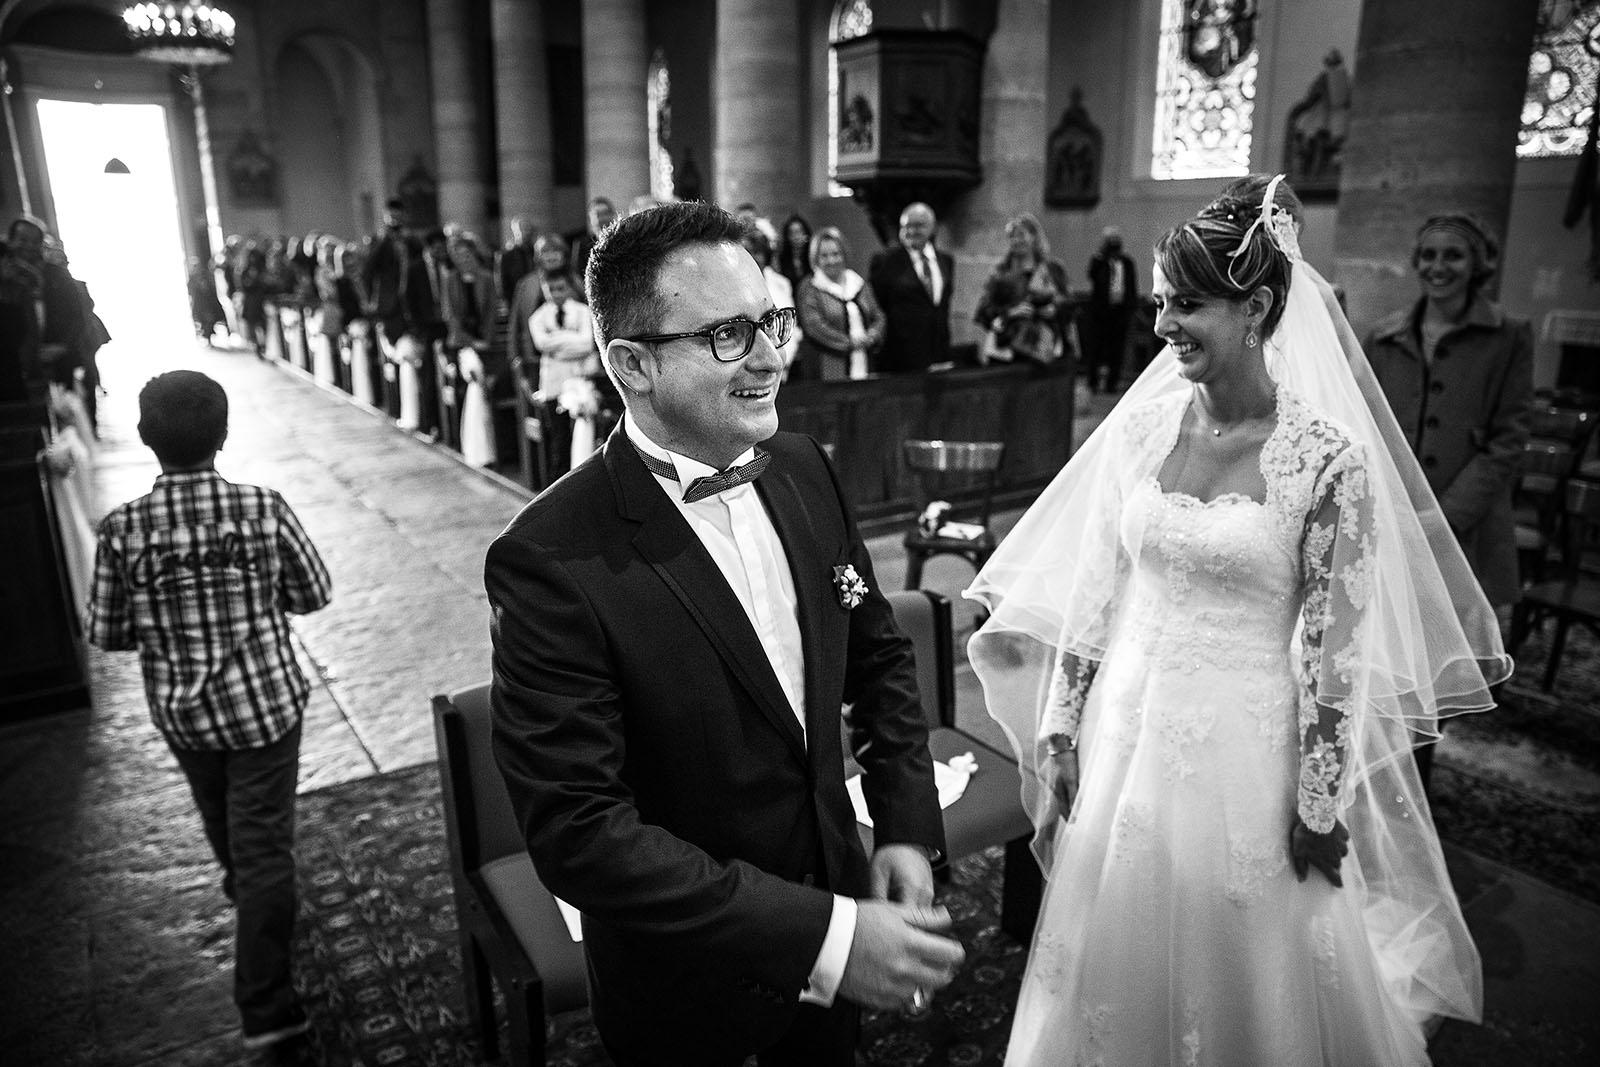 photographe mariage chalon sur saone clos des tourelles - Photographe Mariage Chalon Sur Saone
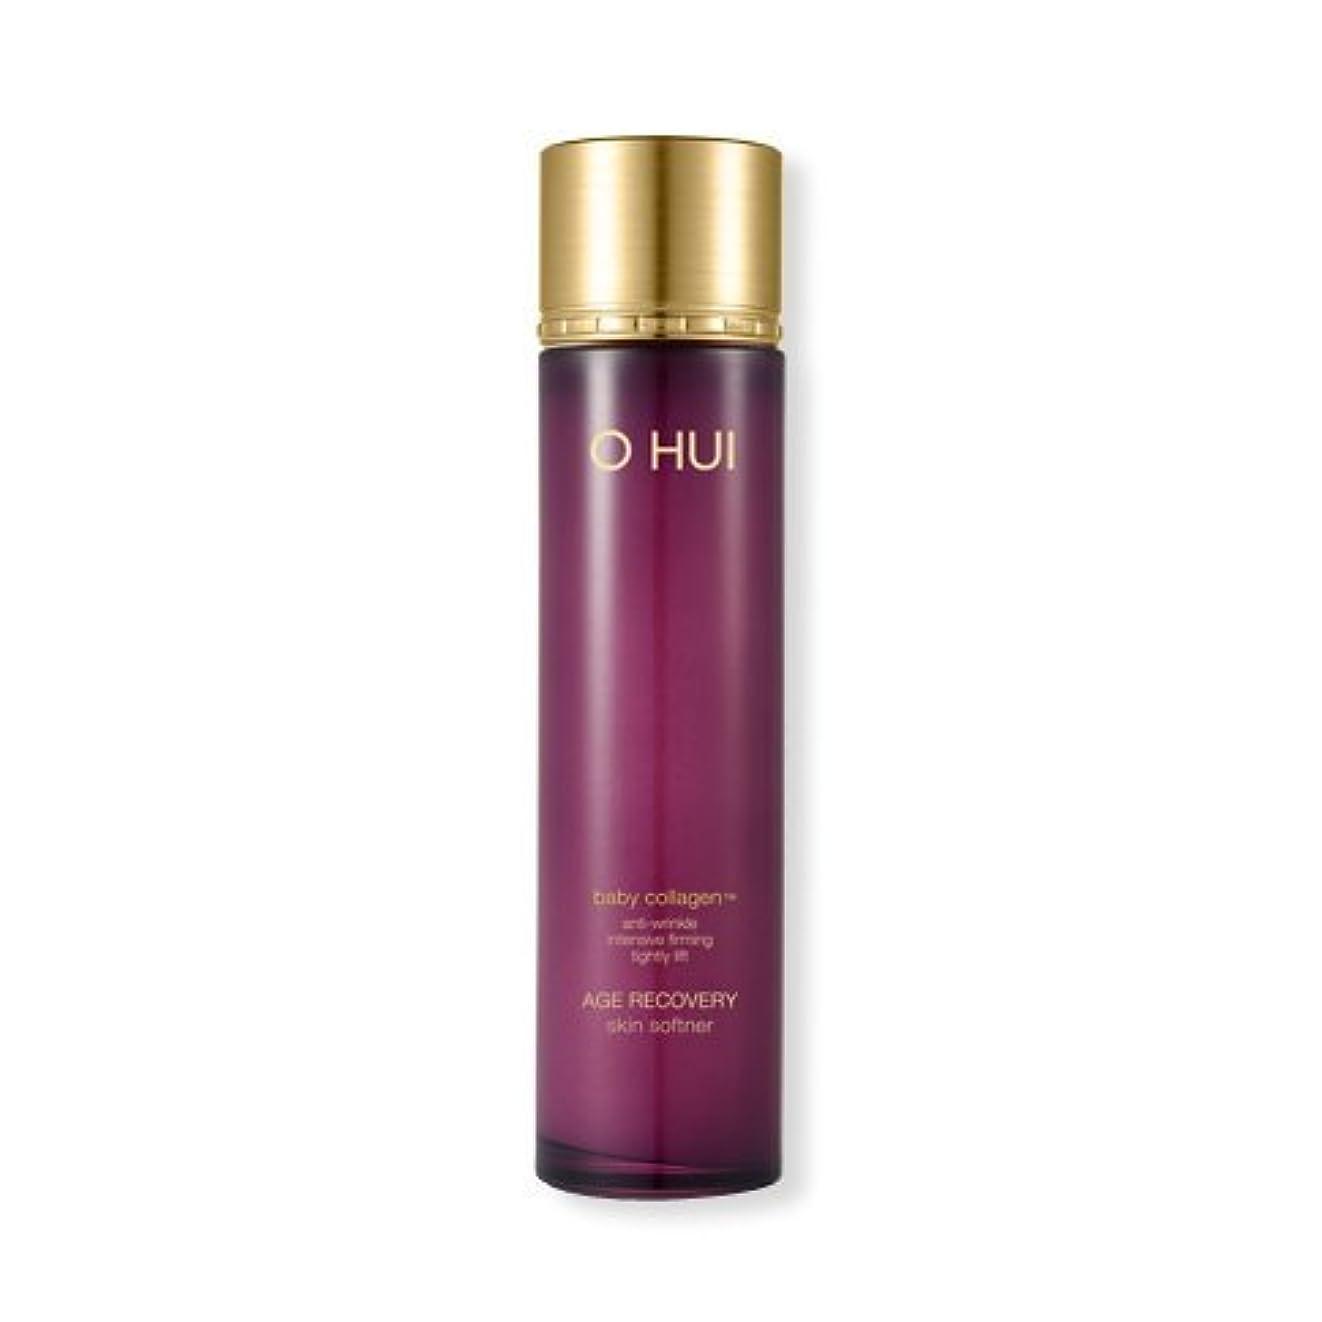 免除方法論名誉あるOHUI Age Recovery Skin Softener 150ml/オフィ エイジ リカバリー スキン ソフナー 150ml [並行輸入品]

...

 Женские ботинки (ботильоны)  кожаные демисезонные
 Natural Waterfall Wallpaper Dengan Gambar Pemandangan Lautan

**What to produce**
Within the data above, the span starting at the line containing "Женские ботинки (ботильоны)" and ending at the line containing "Natural Waterfall Wallpaper" is to be retyped exactly, with no other lines.

**Response to this task**
 Женские ботинки (ботильоны)  кожаные демисезонные
 Natural Waterfall Wallpaper Dengan Gambar Pemandangan Lautan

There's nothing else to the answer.